The Last Dangerous Visions
- Editor: Harlan Ellison / J. Michael Straczynski (uncredited)
- Language: English
- Series: Dangerous Visions
- Genre: speculative fiction
- Publisher: Blackstone Publishers
- Publication date: October 1, 2024
- Publication place: United States
- Preceded by: Again, Dangerous Visions

= The Last Dangerous Visions =

Science fiction short story anthology

The Last Dangerous Visions (often abbreviated TLDV, sometimes as LDV) is a 2024 original speculative fiction anthology following Dangerous Visions (1967) and Again, Dangerous Visions (1972). Like its predecessors, it was edited by American author Harlan Ellison, with introductions to be provided by him. Ellison died in 2018 with the anthology unfinished.

In 2020, the Ellison estate's executor J. Michael Straczynski announced his intention to publish it. It was published by Blackstone Publishers on October 1, 2024.

==Background==
The third anthology was started but, controversially, failed to be published and became something of a legend in science fiction as the genre's most famous unpublished book. It was originally announced for publication in 1973, but did not see print until over fifty years later. Ellison came under criticism for his treatment of some writers who sold their stories to him, estimated to number around 120. Many of the writers died in the interim between Ellison's initial story acquisitions and the book's eventual publication more than five decades later.

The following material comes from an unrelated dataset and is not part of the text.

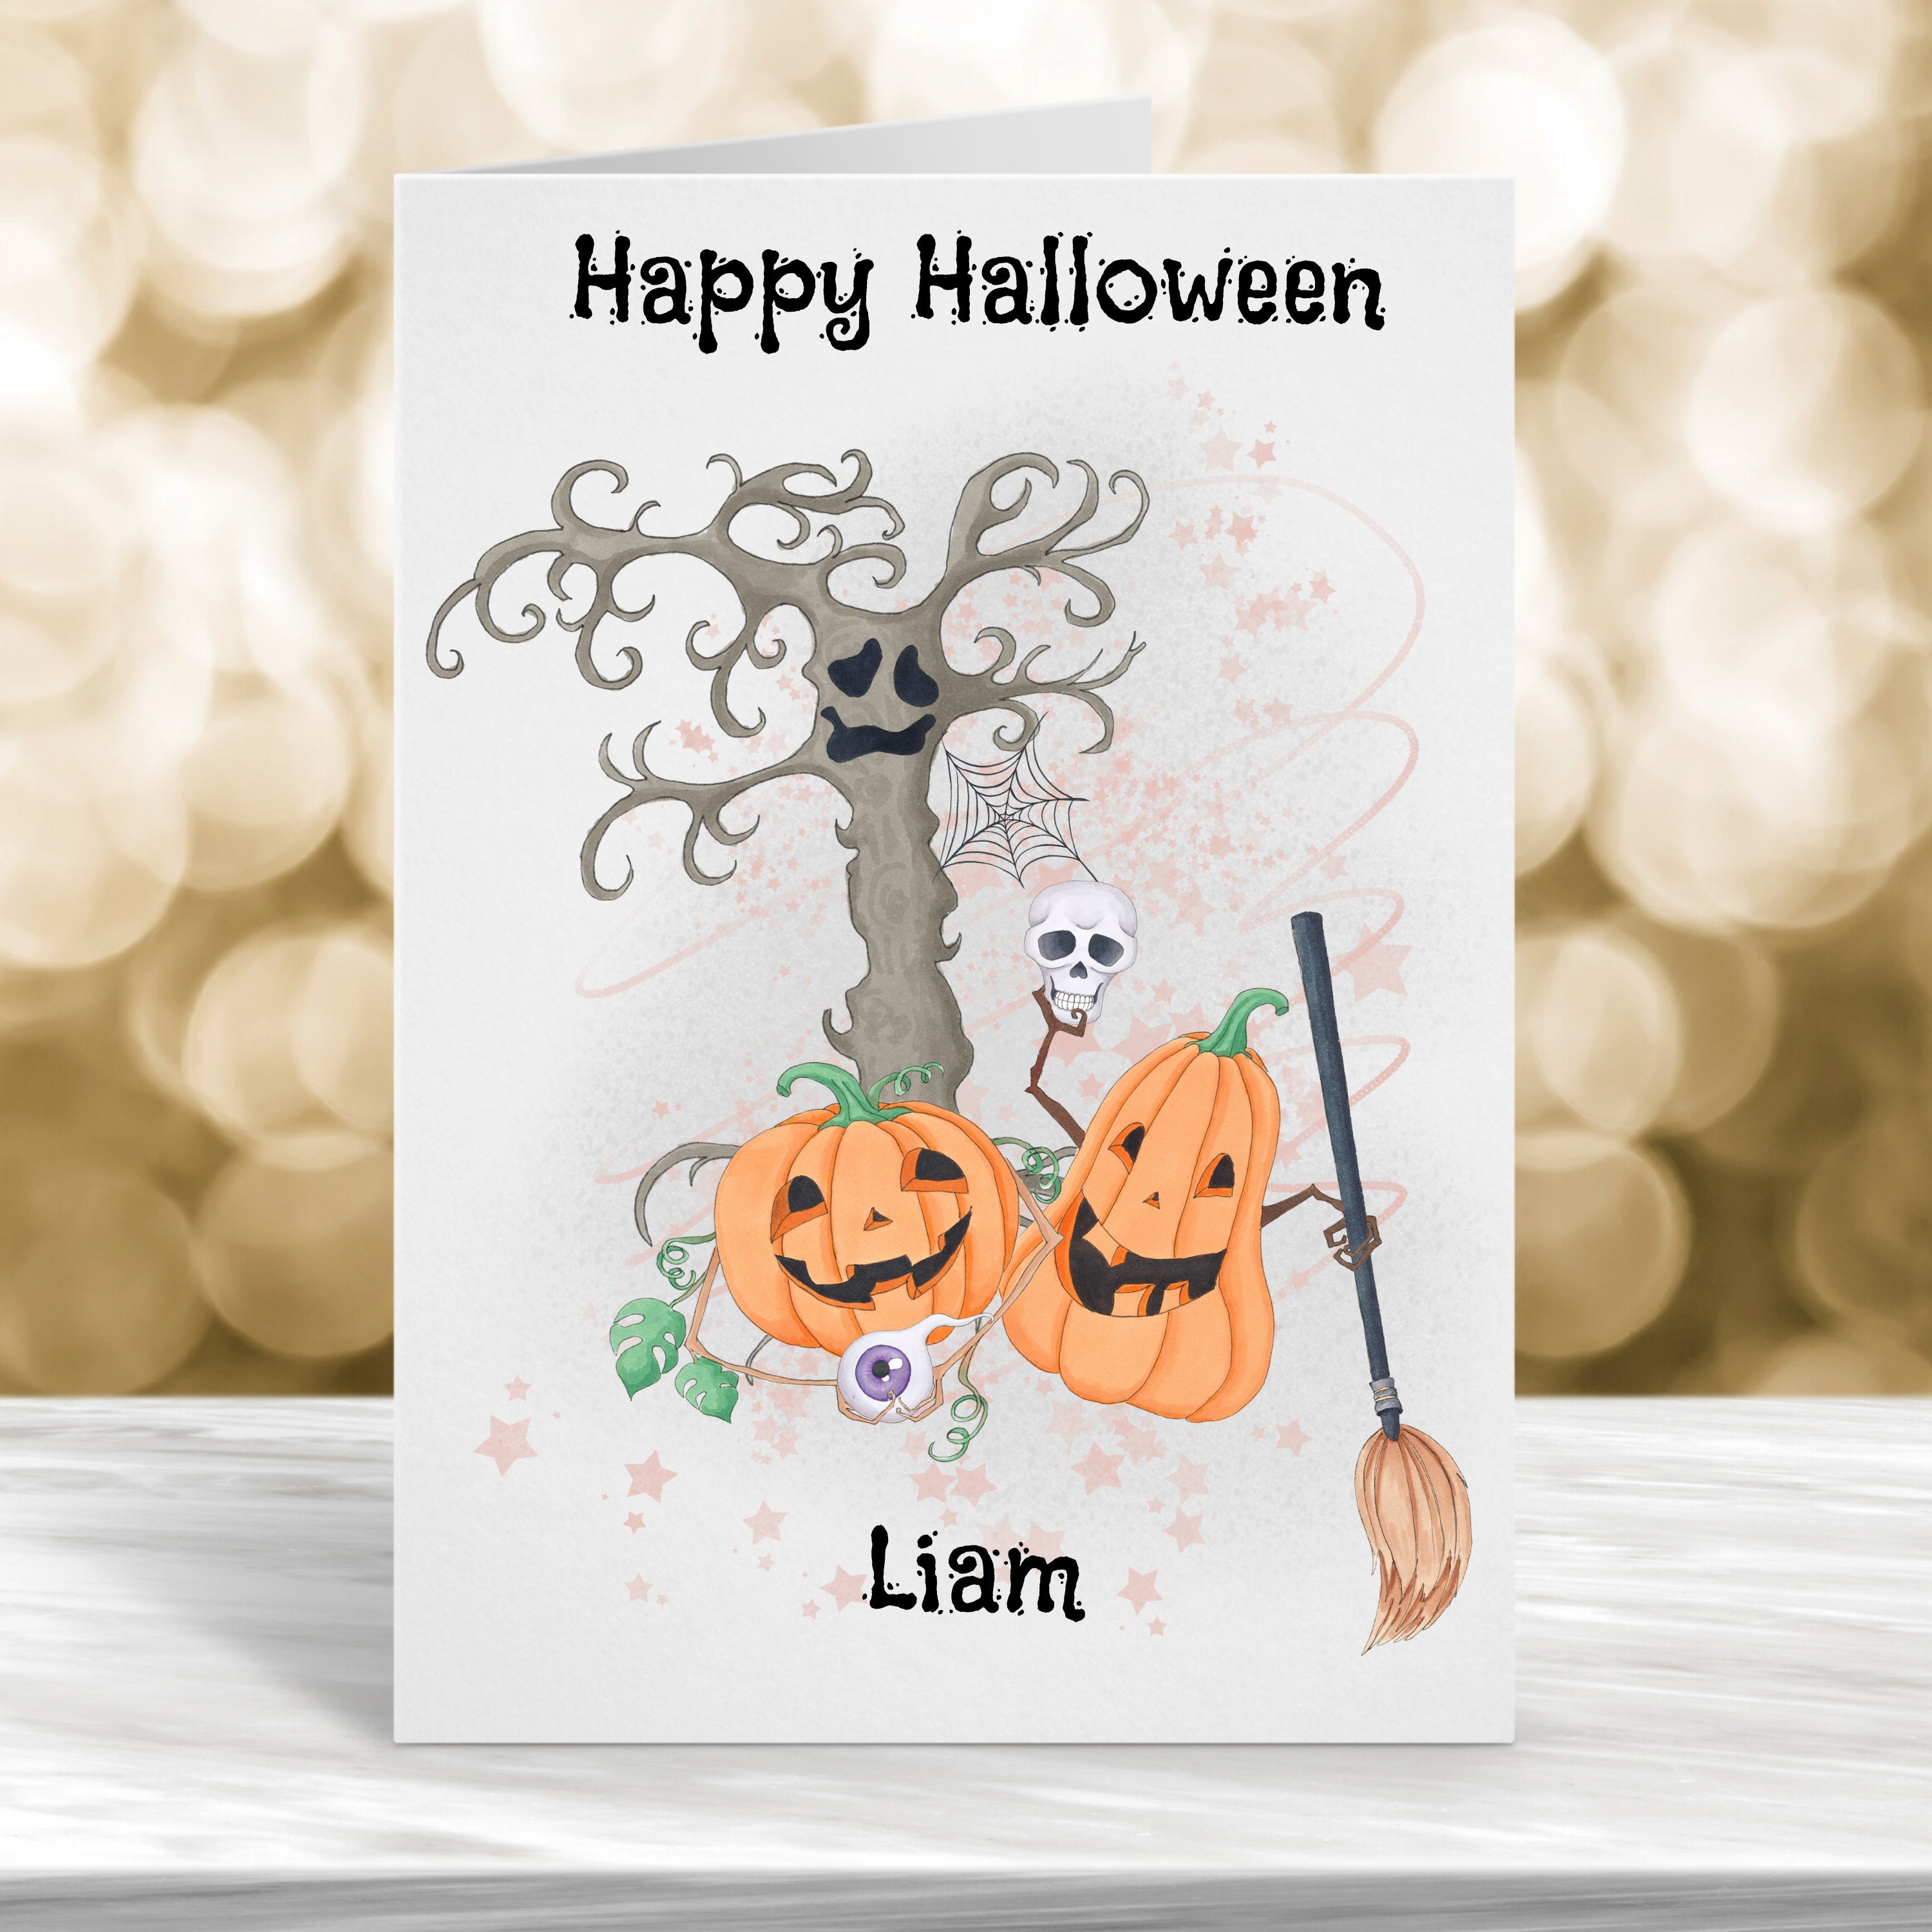 Happy halloween card with mandrake • adesivos para a parede gato

British author Christopher Priest, whose story "An Infinite Summer" had been commissioned for TLDV in 1974 and withdrawn after four months without any response, wrote a lengthy critique of Ellison's failure to complete the project. It was first published by Priest in 1987 as The Last Deadloss Visions, a pun on the title of Priest's fanzine Deadloss where it appeared. It proved so popular that it had two more editions, expanded with reader letters and other events, later in 1987 and 1988. In 1994 it was further expanded as The Book on the Edge of Forever (an allusion to Ellison's Star Trek episode "The City on the Edge of Forever") from American publisher Fantagraphics Books, and was nominated for the Hugo Award for Best Related Work. Priest also released the final draft online.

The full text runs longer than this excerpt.